Every line below needs to be printed again exactly, without any of its pictures.

▶ **Supplied information**:
──────

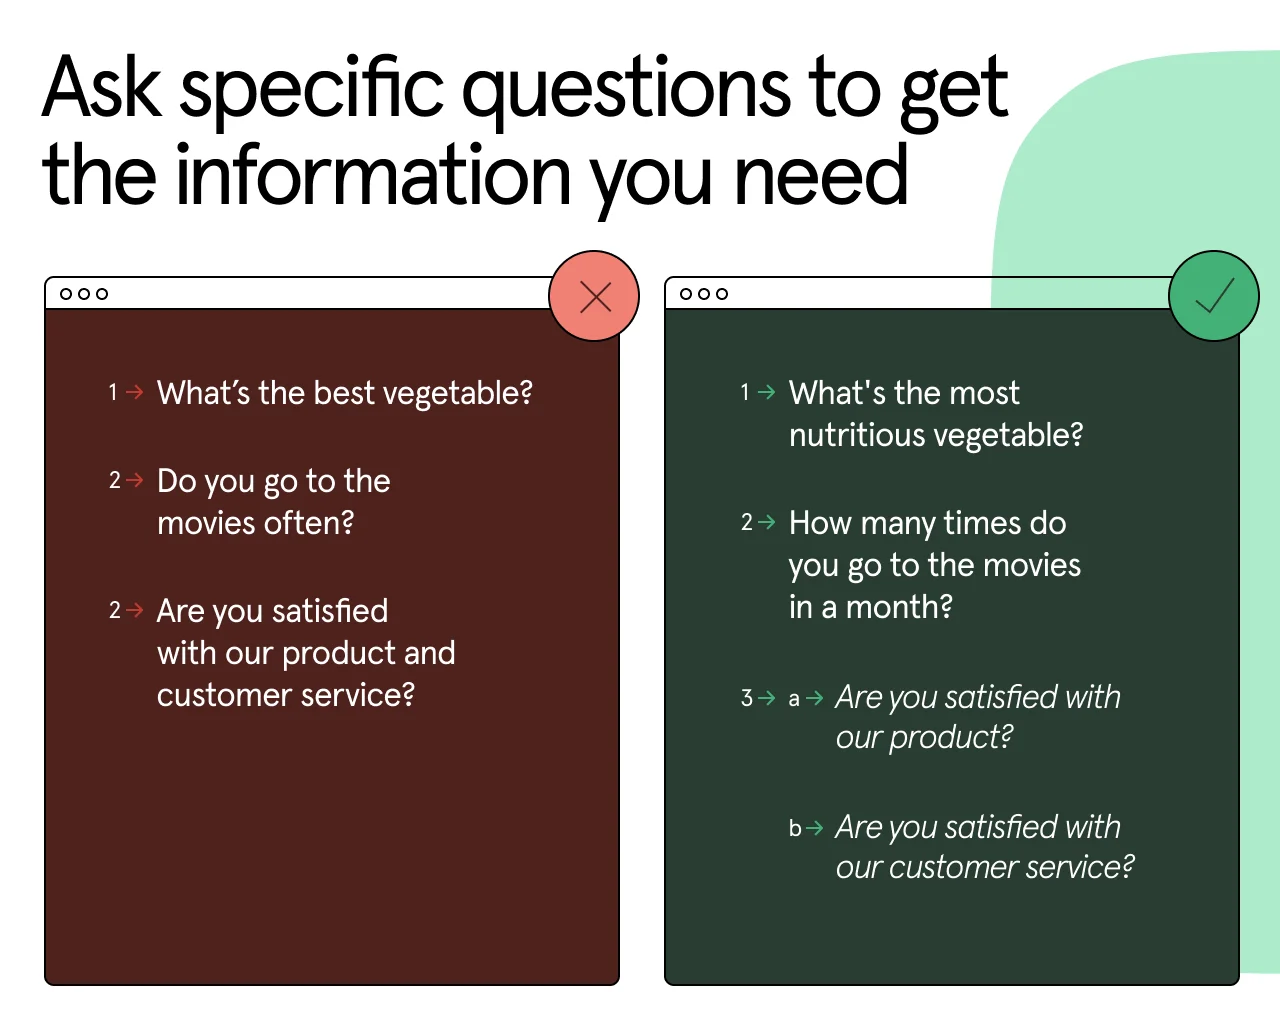 Ask specific questions. For example, "What's the best vegetable?" should be, "What's the most nutritious vegetable?"
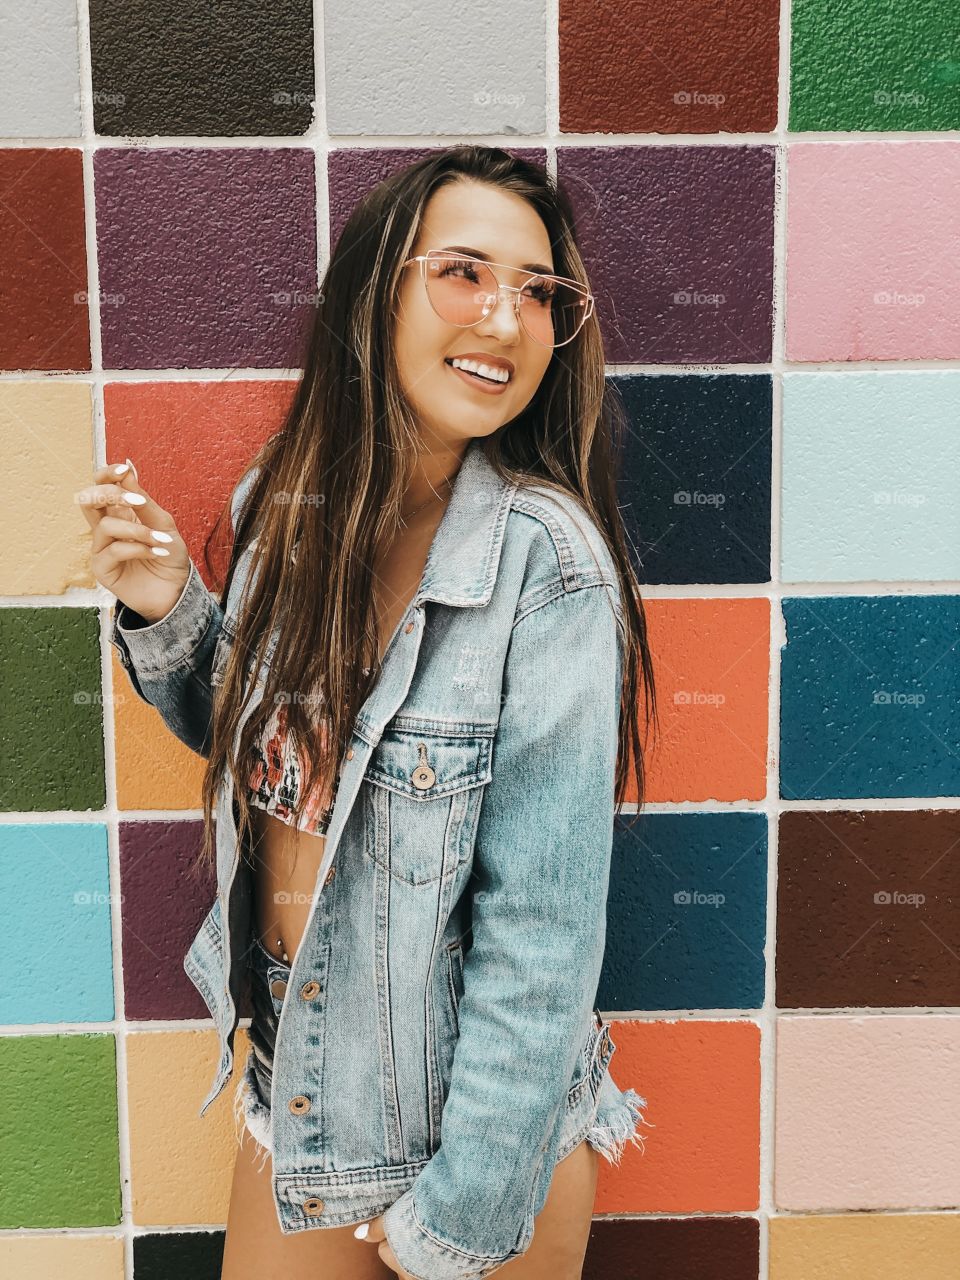 Pretty girl posing in front of a colorful art wall with her fun pink sunglasses.
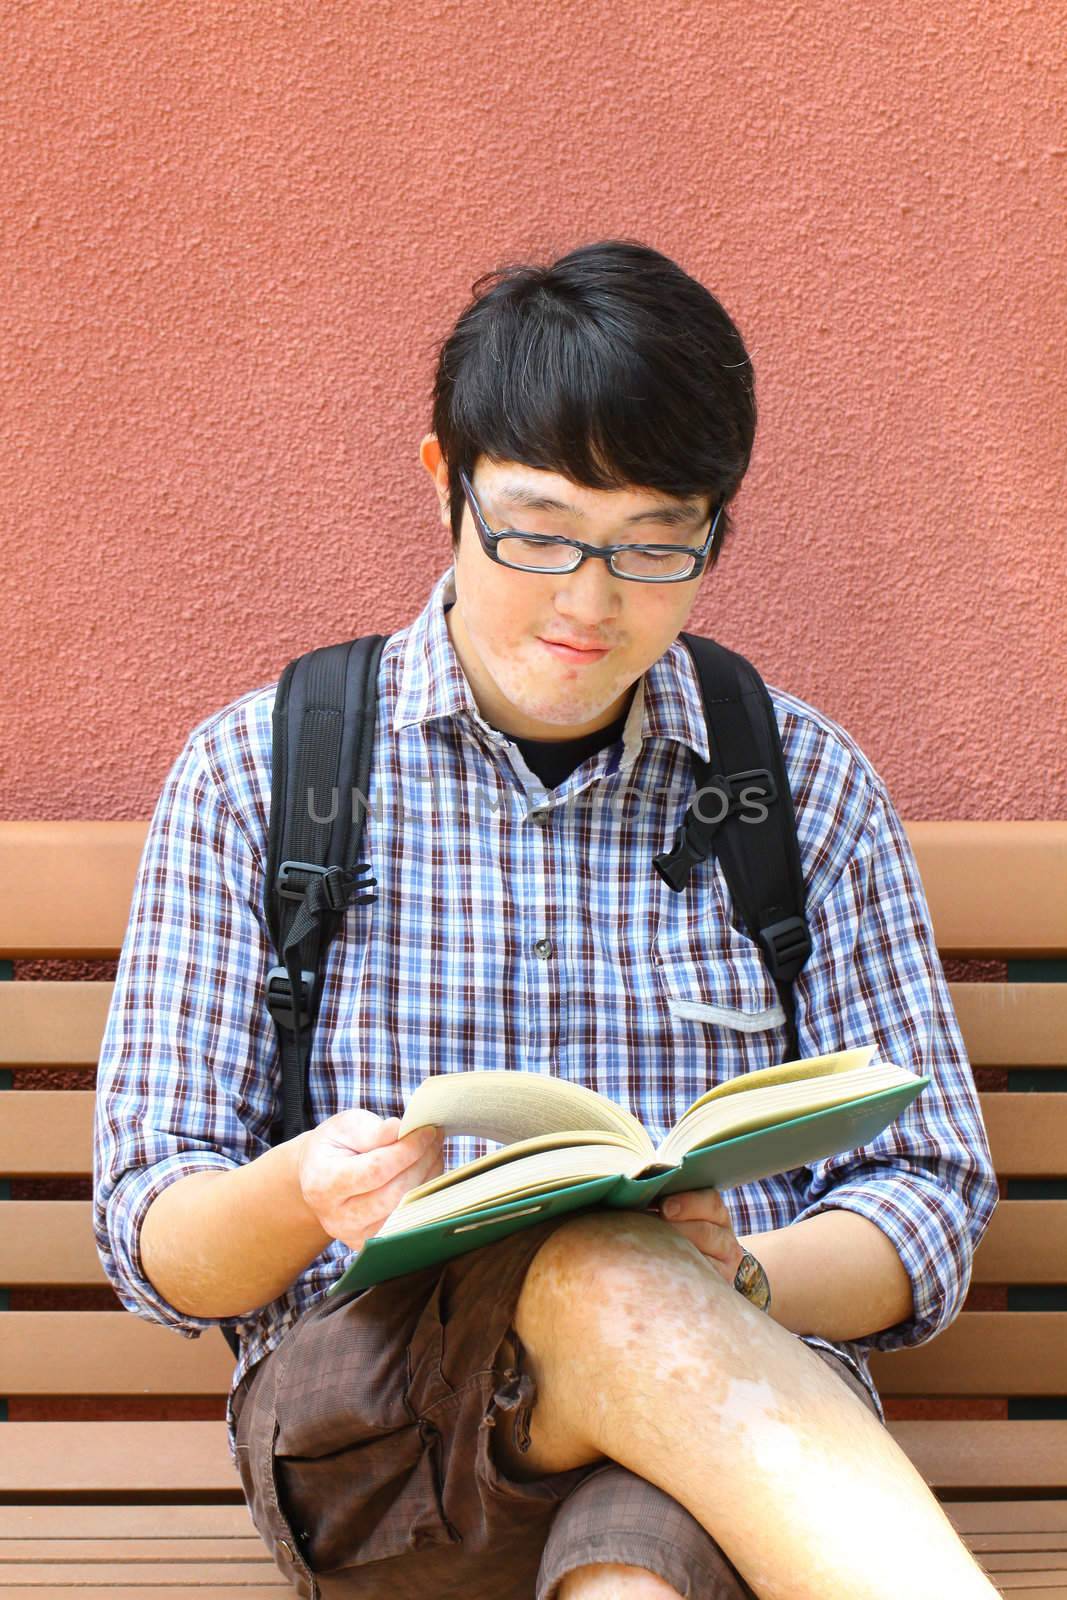 He is reading book on campus.

──────

▶ **Result below**:
 Ask specific questions. For example, "What's the best vegetable?" should be, "What's the most nutritious vegetable?"
 Pretty girl posing in front of a colorful art wall with her fun pink sunglasses.
 He is reading book on campus.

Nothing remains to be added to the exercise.